Scene opens with SETH (mid-20s) studying the liner notes from an old vinyl record jacket. He is seated in a heavy lounge chair, center stage, that faces a bookcase, stage left, against the wall. An oval mirror hangs behind a stuffed bobcat gathering dust on the bookcase. At Seth's immediate left, below a lit floor lamp, Takemitsu's short (10'34") percussive composition Munari by Munari (1967) is playing on the turntable.

Behind Seth, near the stage right wall, is a tall sculpture workstand with a plaster work-in-progress. A closed door is slightly to its right. Just a few feet away, upstage right, Seth has clamped to a Victorian (crank style) easel, a large black canvas. Painted in the middle of it are two words: DOG BUTTER.

A full moon is becoming more visible as snowflakes begin to peter out in the back window, upstage left. An assortment of half smoked stogies crowd the ashtray stand beside his right elbow. Beyond the ashtray, down stage, Seth's dog has curled up on an oval rug for a nap. The music draws to a close with a lingering, enigmatic vibration, incurred, perhaps, with a soft mallet. Seth (in disgust) tosses liner notes aside, stands up and straightens out his smock with agitated movements as he speaks:

SETH: '. . . a limpid stream in the mountains . . .' my foot! We don't need a story here, thank you. This is music as it is. A pensive little time piece so tactile you can almost reach out and touch it! (Seth bends down, drops record needle at beginning again.) Sparingly, the composer releases a note here, a sound cluster there, at intervals which allow each percussive event a chance to flower in the ear and take shape in the mind's eye. If nothing else, Takemitsu confirms that there is life after Brahms. (Chuckles to himself, picks up his palette and boldly obliterates DOG BUTTER from the canvas with a daub of black paint.)

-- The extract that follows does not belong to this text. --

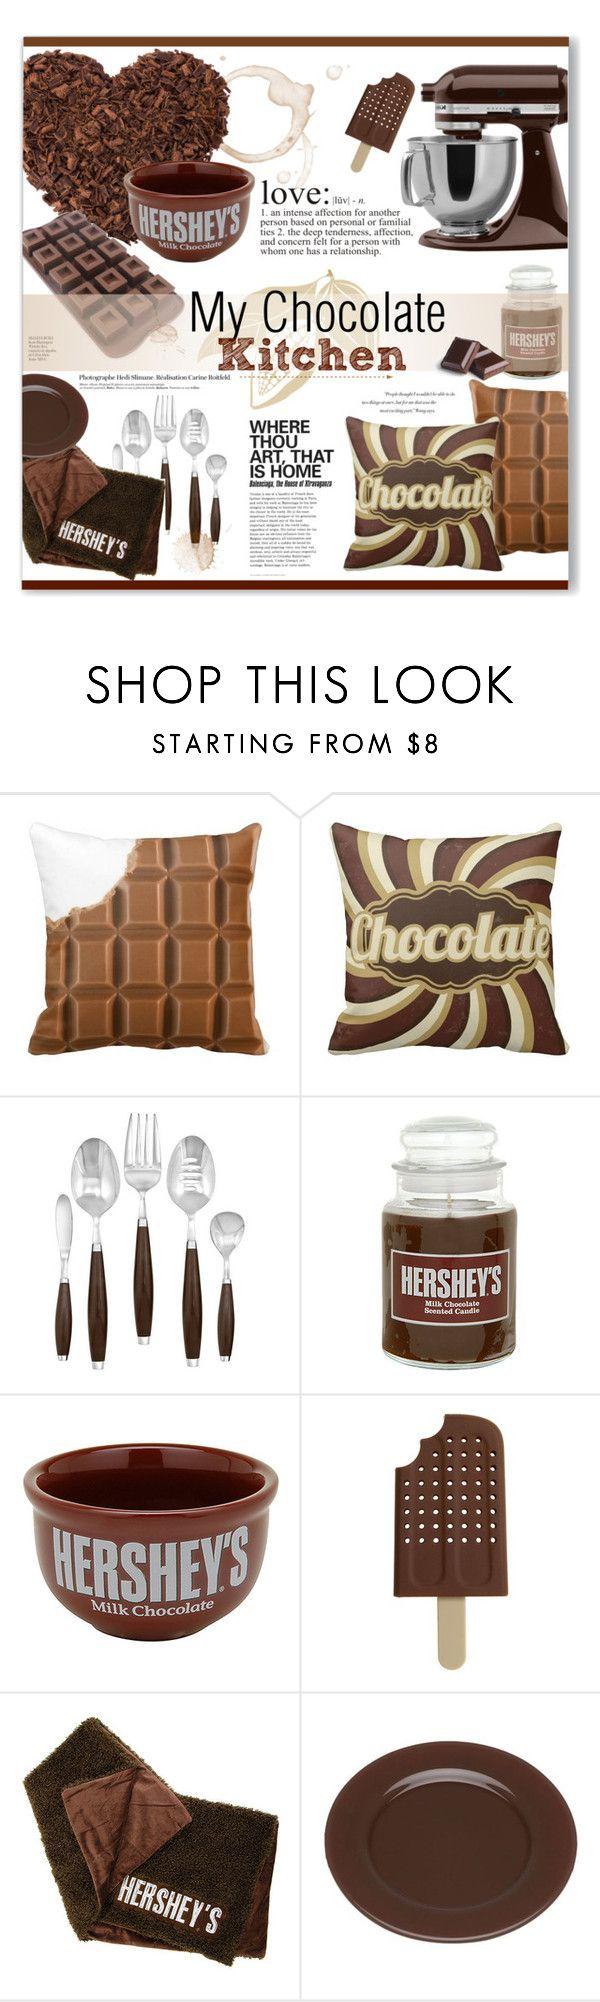 19 best Chocolate decor images on Pinterest   Hershey chocolate ...

Seth (with renewed energy) sets out to render in pig-ment the percussionist's murmur of images as they rise and fall across the galaxy of Takemitsu's floating world. Immersed in the music, Seth (impassioned now) attacks the canvas with a riot of color until the only sound we hear coming from the stage is that of his brush against the linen and the record needle rotating at the edge of the label. Seth (reviewing his work) inches backwards toward the turntable and replays the recording.

Suddenly a gurge of snowmobiles thunders past and he is drawn to the lunar landscape in the window where he tarries, overwhelmed by the bleak raw beauty of the winter scene. Moments pass. Another snowsledder roars by as he stands there preoccupied. Seth (slowly) returns to his easel, hesitates, and then, with a flourish, scrawls across the canvas:

3 DEAD FLIES AND I
STARE AT THE MOON
IN THE ICE FLOWERS

He surveys this latest addition at a distance before continuing to paint a pale moon rising from the contour of a mountain range under a black and blue sky. The music ends. Seth (spent) plops into the armchair, fishes out a cigar butt and lights up a stickmatch with his thumbnail. He tilts back to gaze up at a reek of blue haze curling into the flies as the lights fade. Curtain.